(Source material)
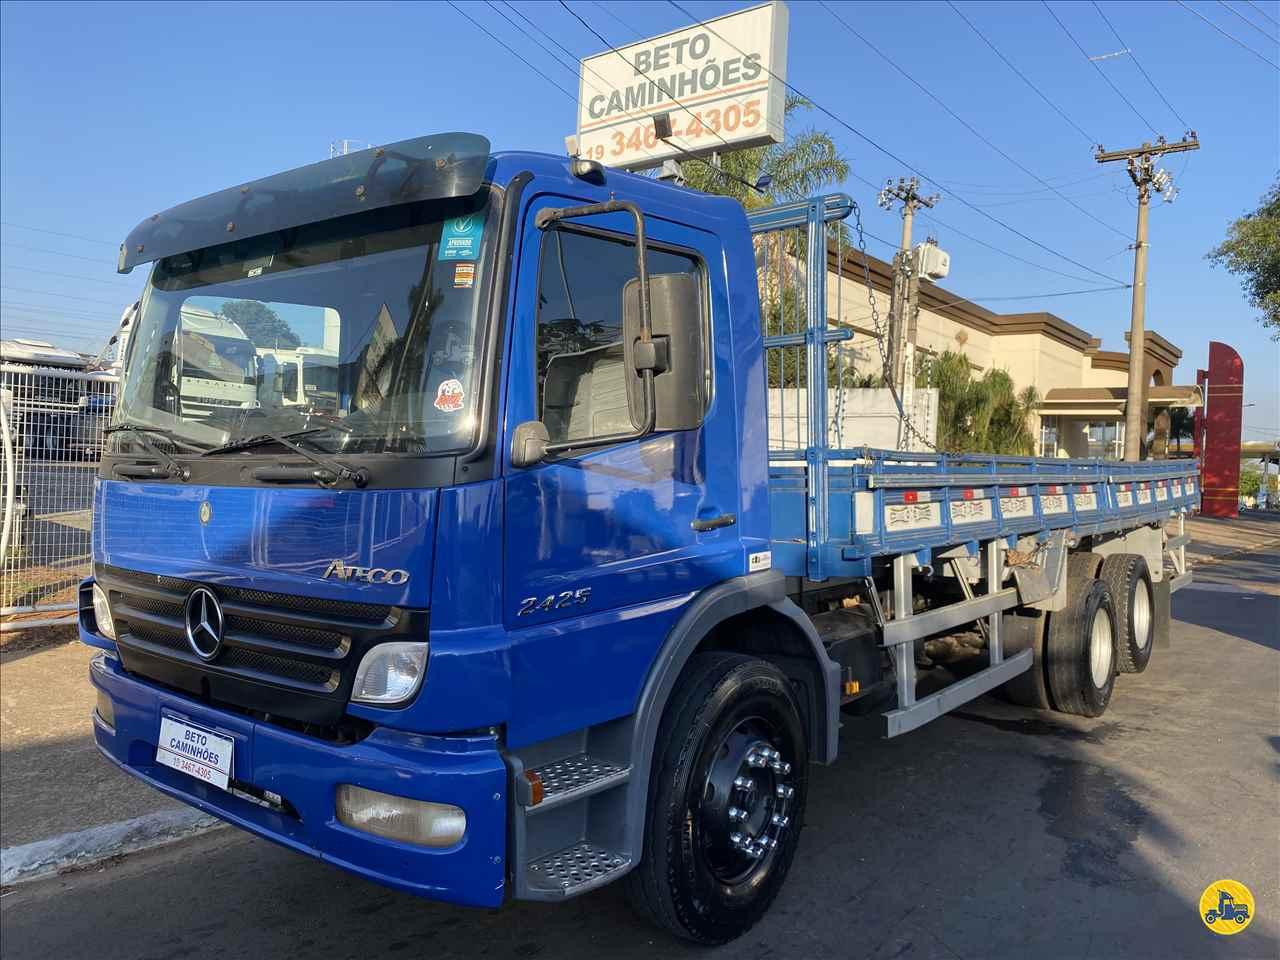 CAMINHAO MERCEDES-BENZ MB 2425 Carga Seca Truck 6x2 Beto Caminhões Piracicaba AMERICANA SÃO PAULO SP
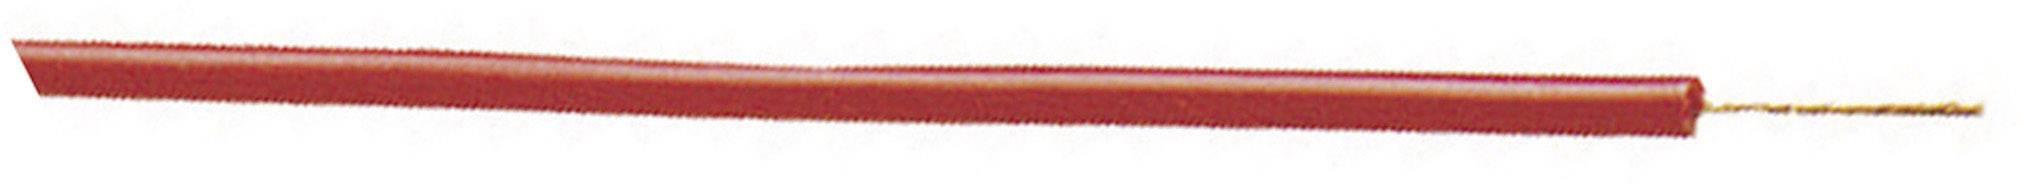 Opletenie / lanko Stäubli 61.7550-10027 SILI-E, 1 x 0.15 mm², vonkajší Ø 1 mm, metrový tovar, hnedá
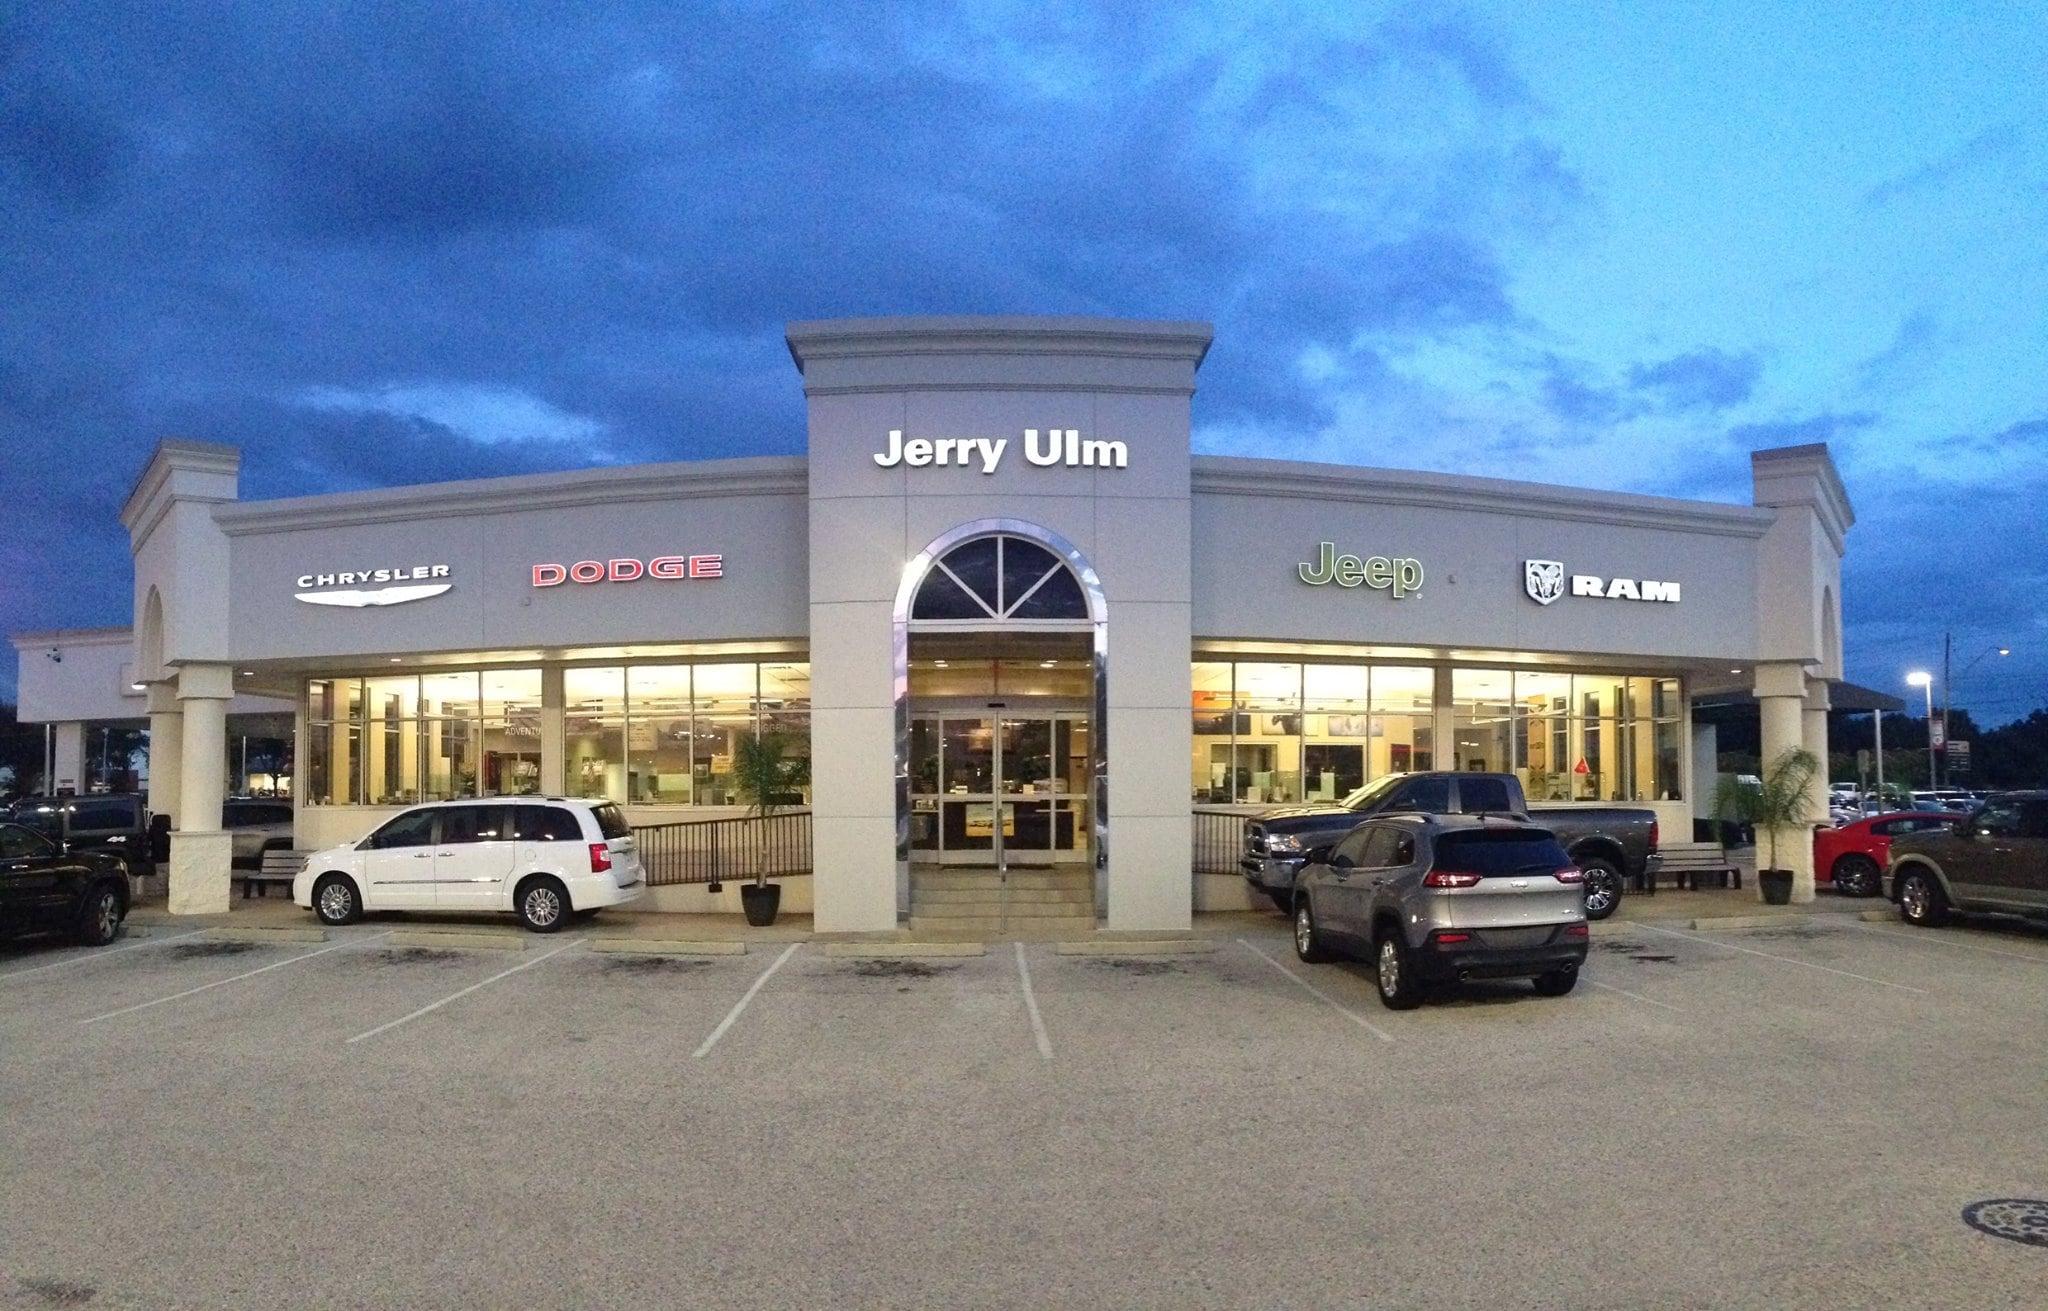 about jerry ulm tampa fl chrysler jeep dodge dealer new used car dealer. Black Bedroom Furniture Sets. Home Design Ideas
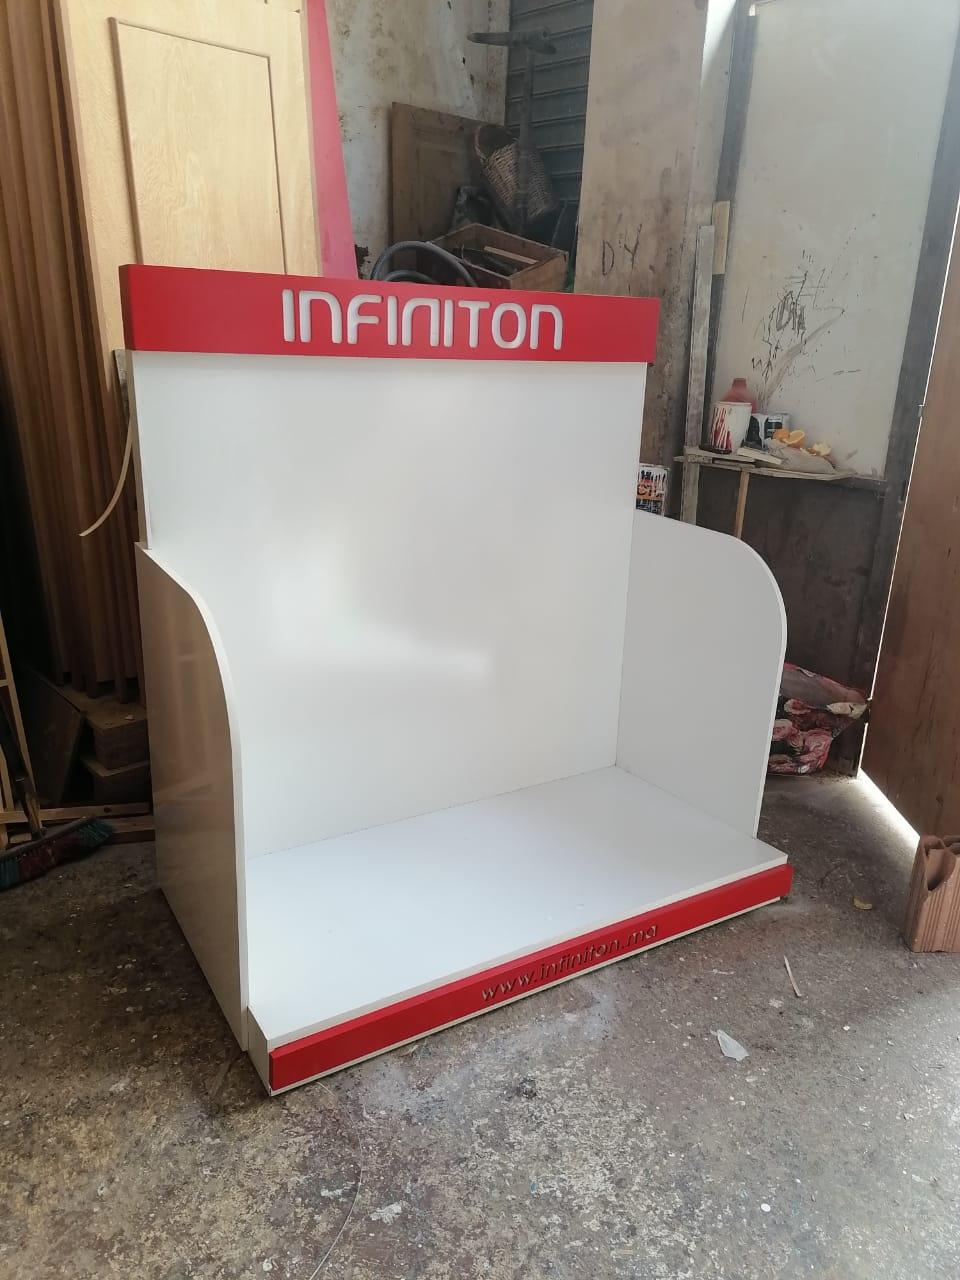 fabrication-de-Présentoir-électroménager-stand-déxposition-machine-à-laver-présentoir-lave-linge-PLV-presentoir-magasin-décoration-showroom-design-casablanca-maroc

(Assignment) Without any pictures, write out the lines running from the one containing "Opletenie / lanko" through the end of the listing above, both included, exactly as given.

(Answer to the problem)
 Opletenie / lanko Stäubli 61.7550-10027 SILI-E, 1 x 0.15 mm², vonkajší Ø 1 mm, metrový tovar, hnedá
 about jerry ulm tampa fl chrysler jeep dodge dealer new used car dealer. Black Bedroom Furniture Sets. Home Design Ideas
 fabrication-de-Présentoir-électroménager-stand-déxposition-machine-à-laver-présentoir-lave-linge-PLV-presentoir-magasin-décoration-showroom-design-casablanca-maroc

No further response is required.